━━ Provided data ━━

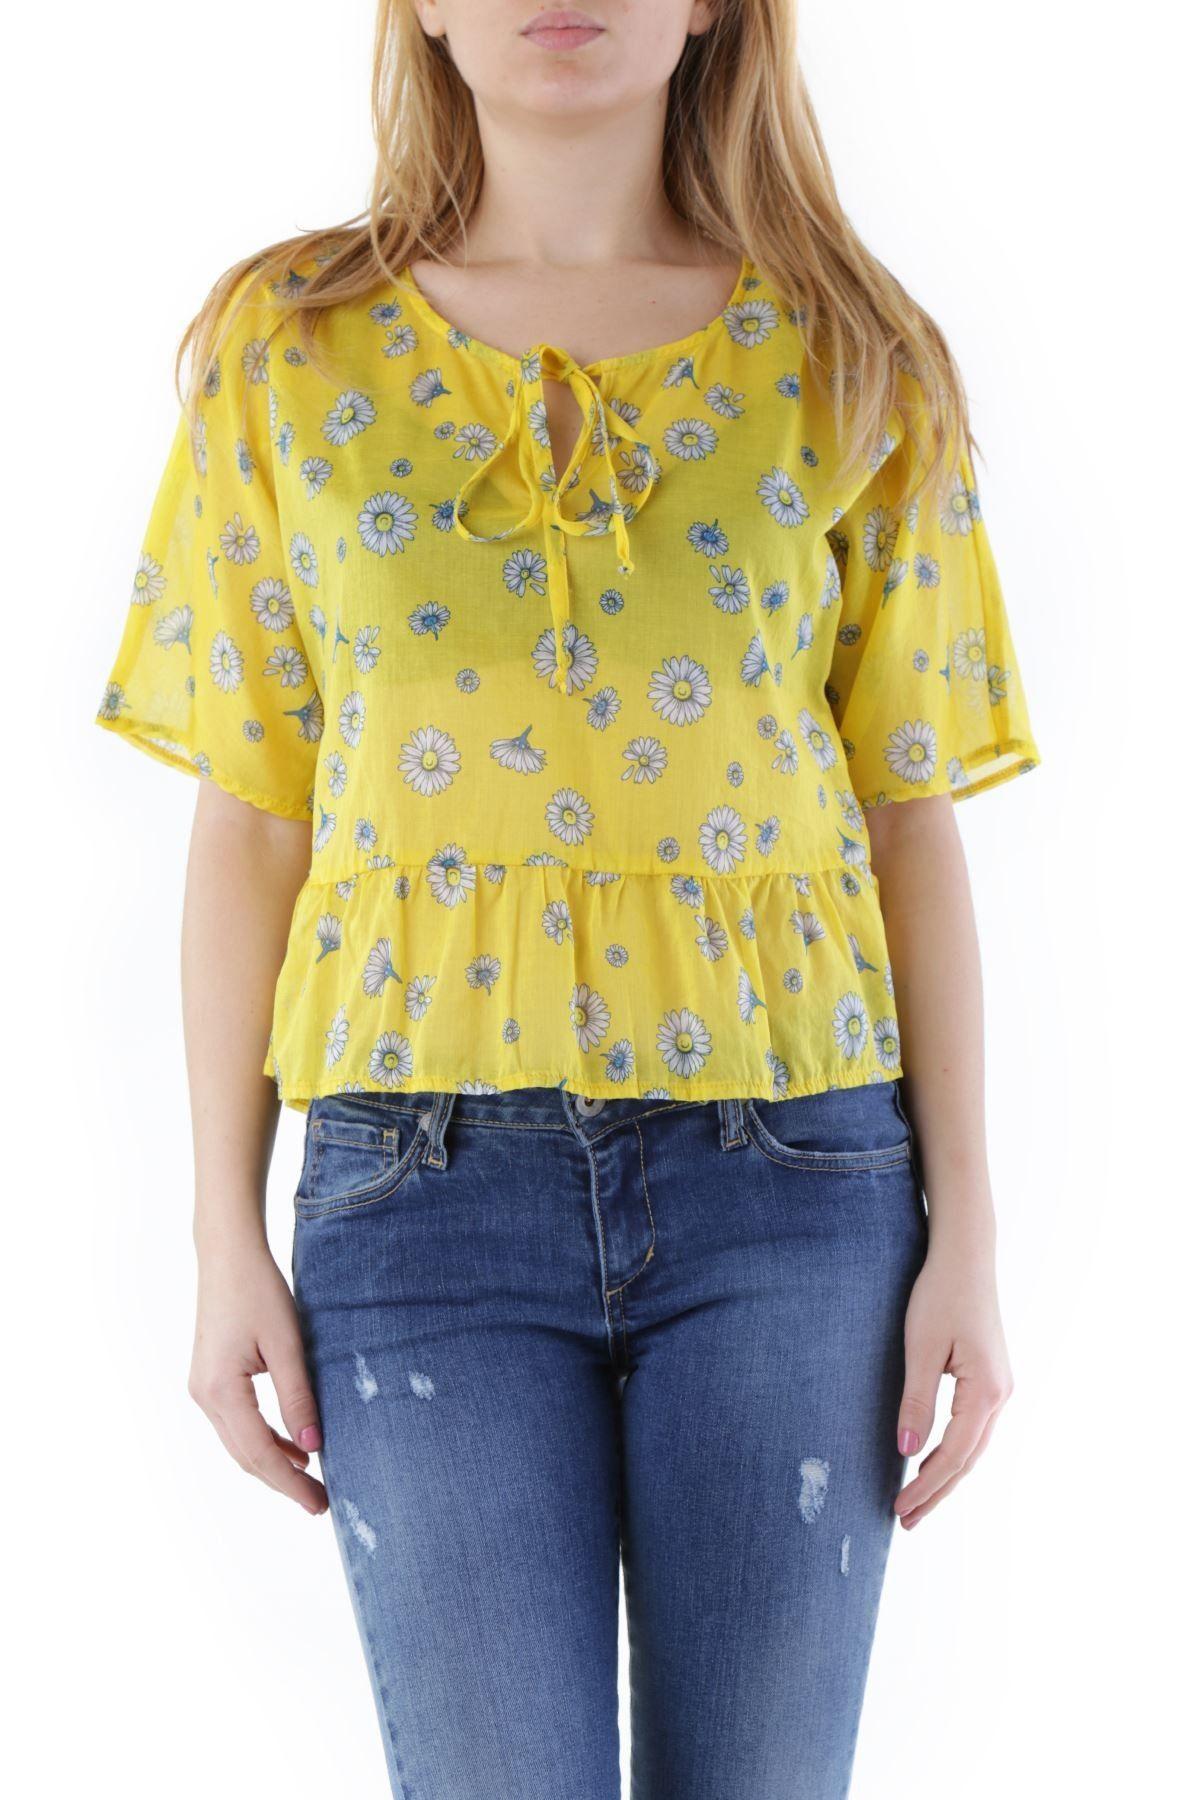 Olivia Hops Women's Blouse In Yellow
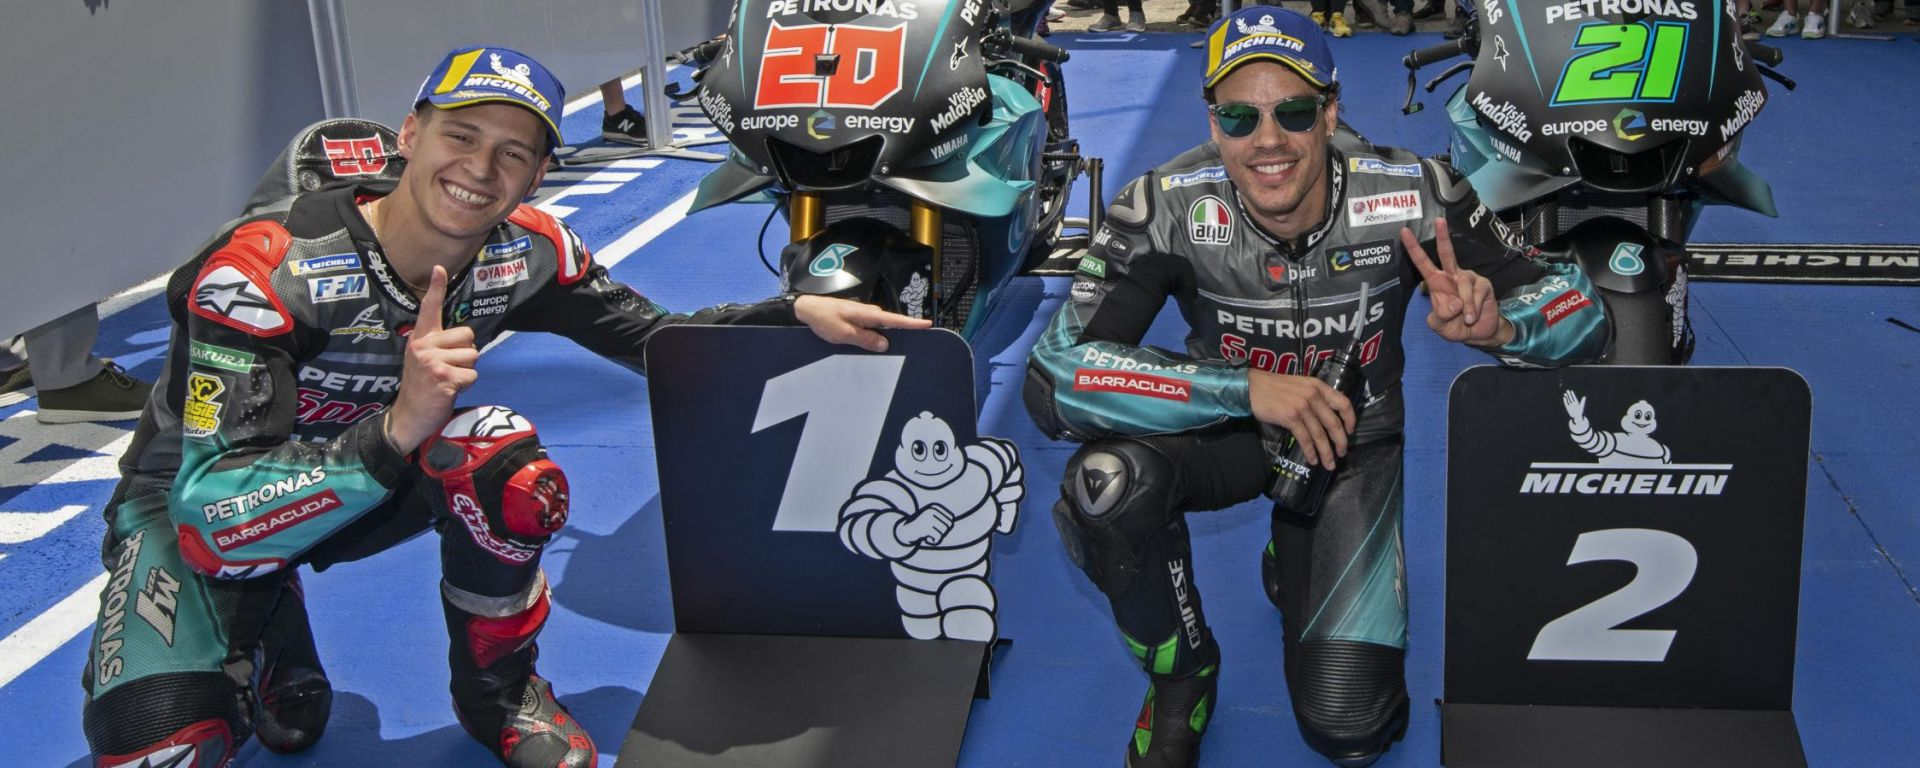 GP Spagna 2019, Fabio Quartararo e Franco Morbidelli (Yamaha)
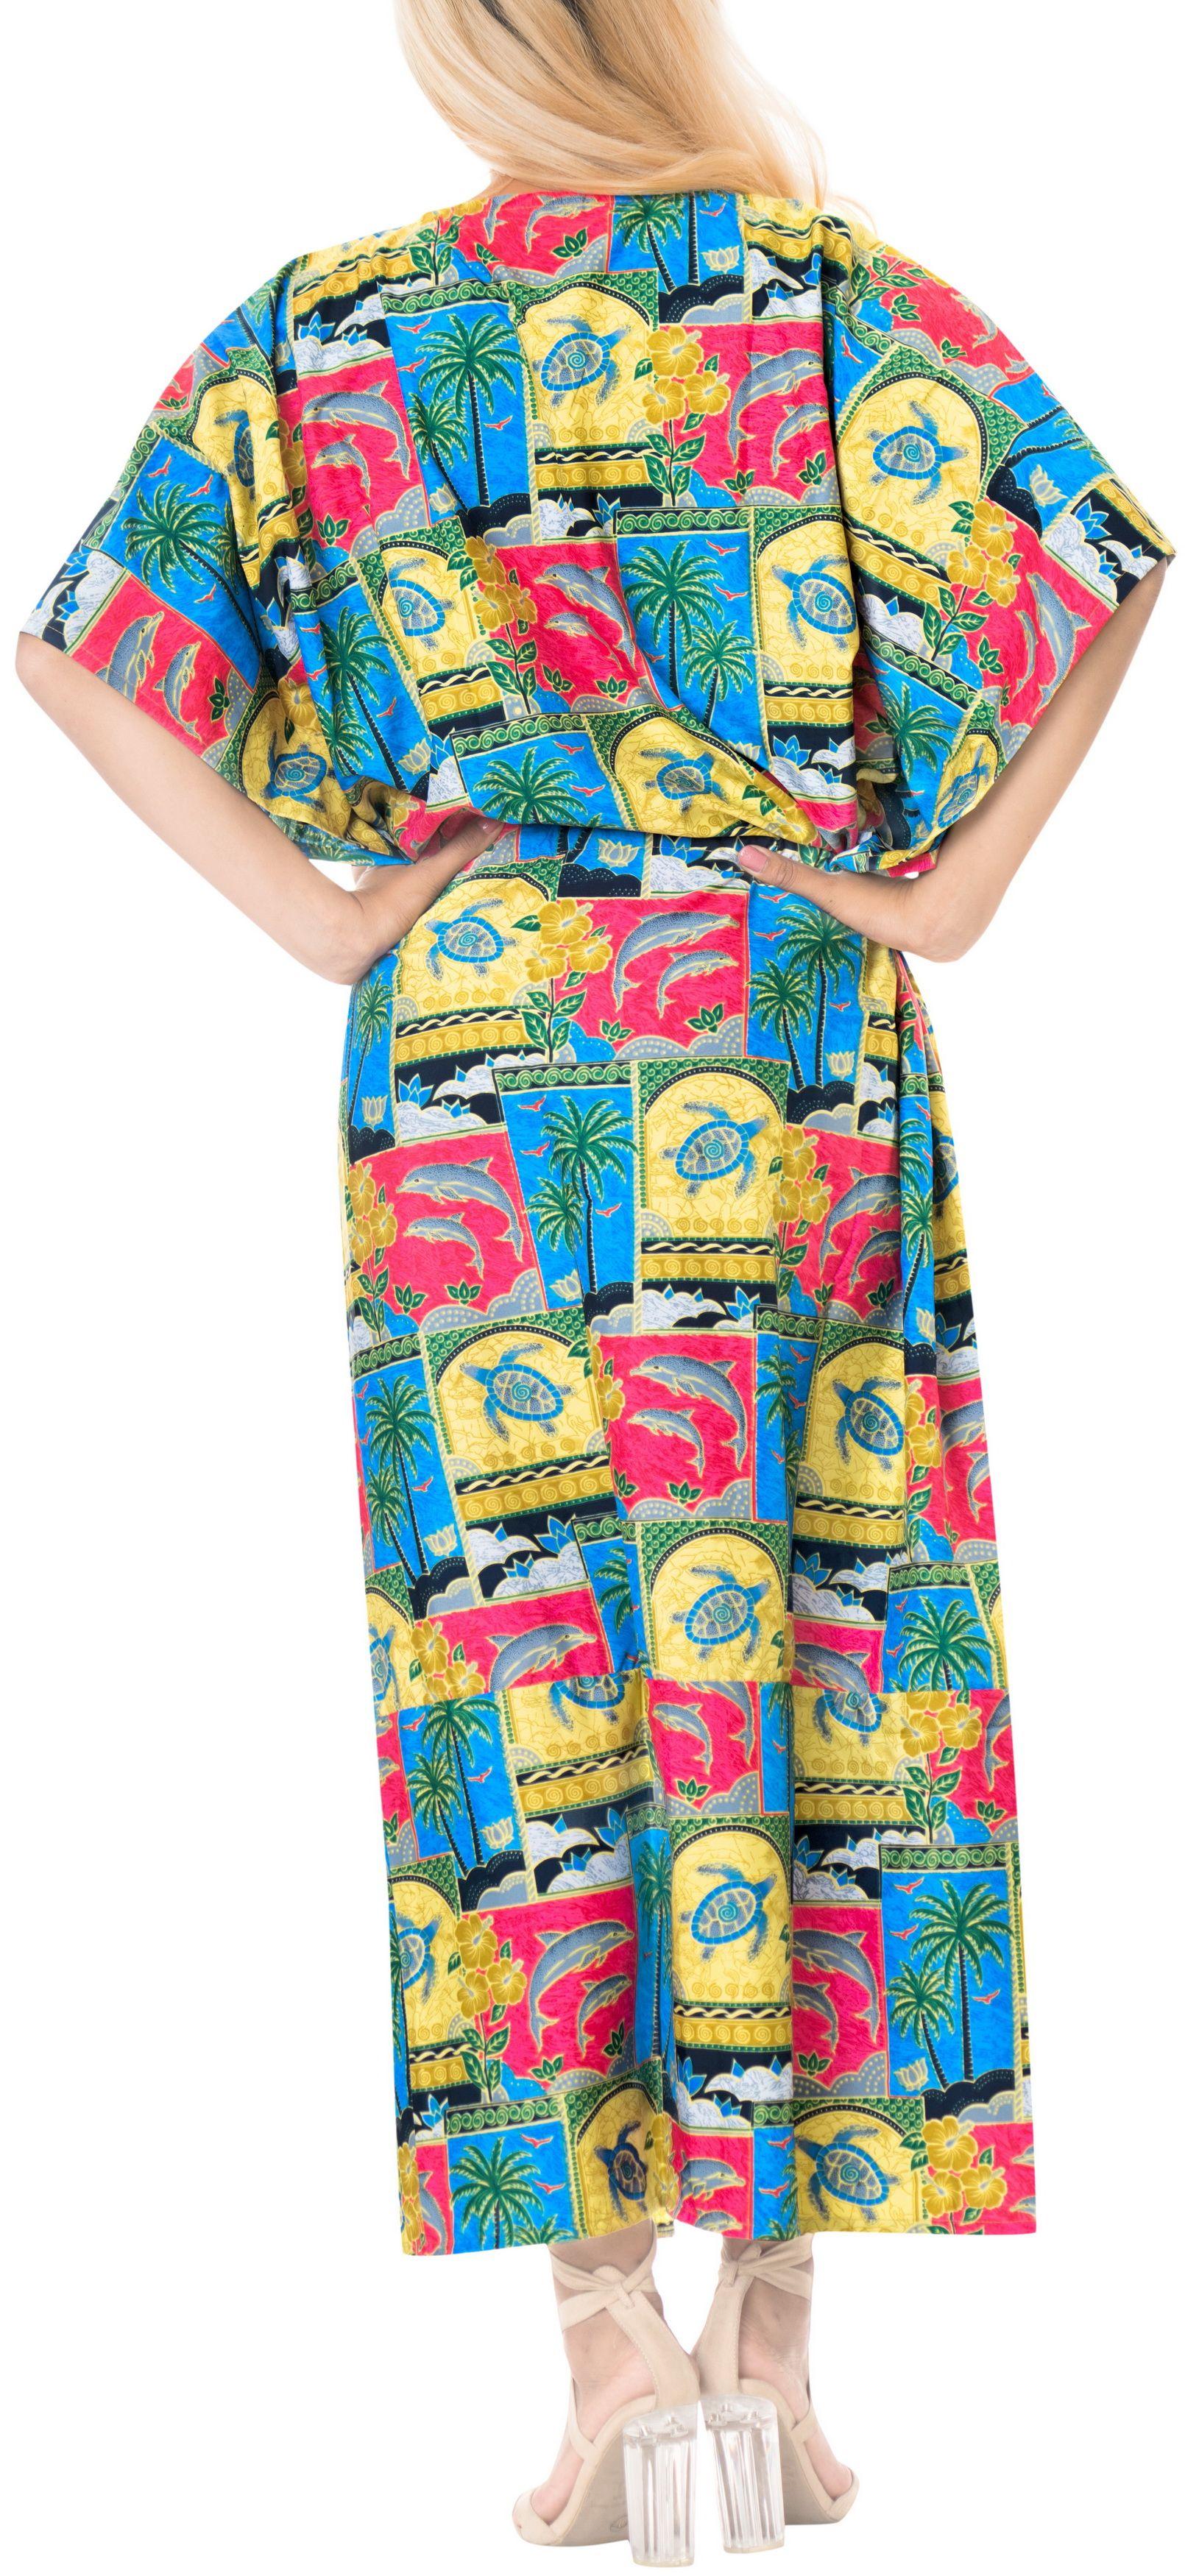 e940daa34b3 Women s Long Caftan dress beach wear Loose Lounger Cover up Night wear  Kimono dress

━━━

Could you transcribe the material above exactly, keeping every picture out?

Response box:
 Olivia Hops Women's Blouse In Yellow
 GP Spagna 2019, Fabio Quartararo e Franco Morbidelli (Yamaha)
 e940daa34b3 Women s Long Caftan dress beach wear Loose Lounger Cover up Night wear  Kimono dress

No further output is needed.